By Gvantsa Gabekhadze
Tuesday, July 2
Georgian writers have boycotted the Georgian Literature Fund, created to replace the House of Writers of Georgia and the Georgian Book Centre, after the two were closed by the Georgian Ministry of Education last month.

“Our response is the complete disobedience to the ministry and the government’s decision,” writers say in their open letter released on Monday.

The signatories say that the employees of both institutions, “who have done their utmost for years to promote the Georgian literature,” have not been dismissed.

“Our boycott will be comprehensive and very noisy, with the involvement of international organisations, we will find alternative opportunities to print our books,” writers warn.

The letter reads that the Georgian Book Centre and its head Dea Metreveli “did an excellent job,” last year to present Georgia worthily at the Frankfurt Book Fair.

“And they managed to completely change [to positive] the attitude to Georgia and its literature,” the letter reads.

The signatories say that the “Georgian government ignored this and other merits of the centres” and created “serious threats” to the preparations for the 2021 Paris Book Fair.

“The government is trying to make us accept the unacceptable changes.
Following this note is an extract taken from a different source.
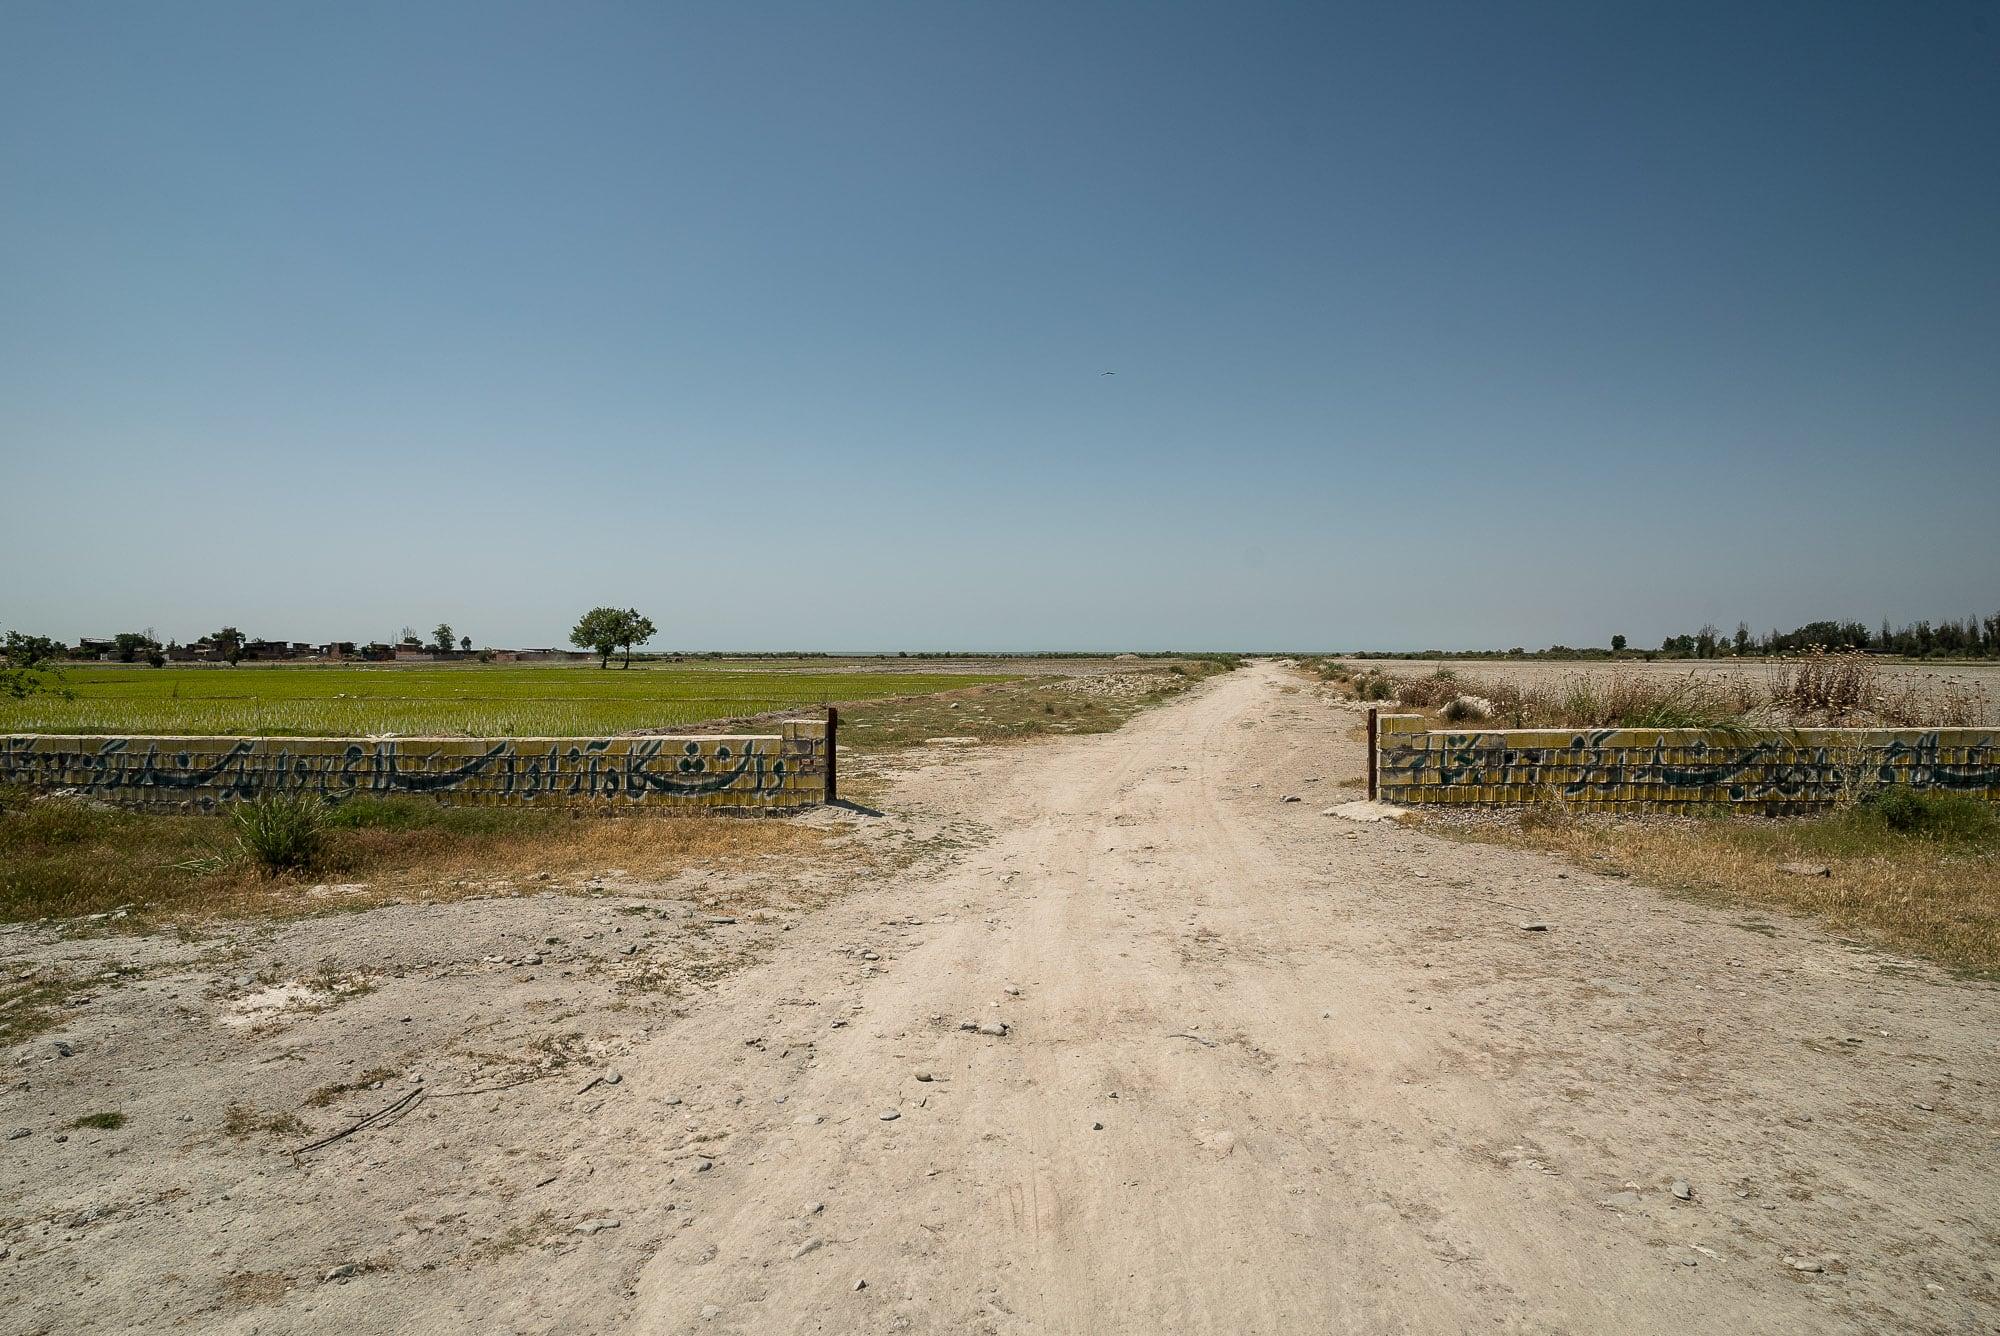 path to the Caspian Sea

We have such an impression that people are being punished in the country for serving the homeland,” writers say.

Writers stated that they would never accept the closure of the centres, subordinated to the Ministry of Education, but were free in decision-making.

Writers say that the organisations, which were created in 2008, must be maintained as they have been for years, to serve the Georgian culture.

Several of the writers say that the government “is taking revenge” for writers’ joint support to poet Zviad Ratiani last year when Ratiani was abused by police.

They say that writers protested upon the incident in Frankfurt, which irritated the Georgian top figures.

The Georgian Ministry of Culture claims that the merger of the two centres is necessary for further development and the support of the Georgian culture and literature.

The Writers House of Georgia was located in a historic building on the Machabeli Street in central Tbilisi, built in 1905. The Union of Georgian Writers had used the building between 1921 and 2007.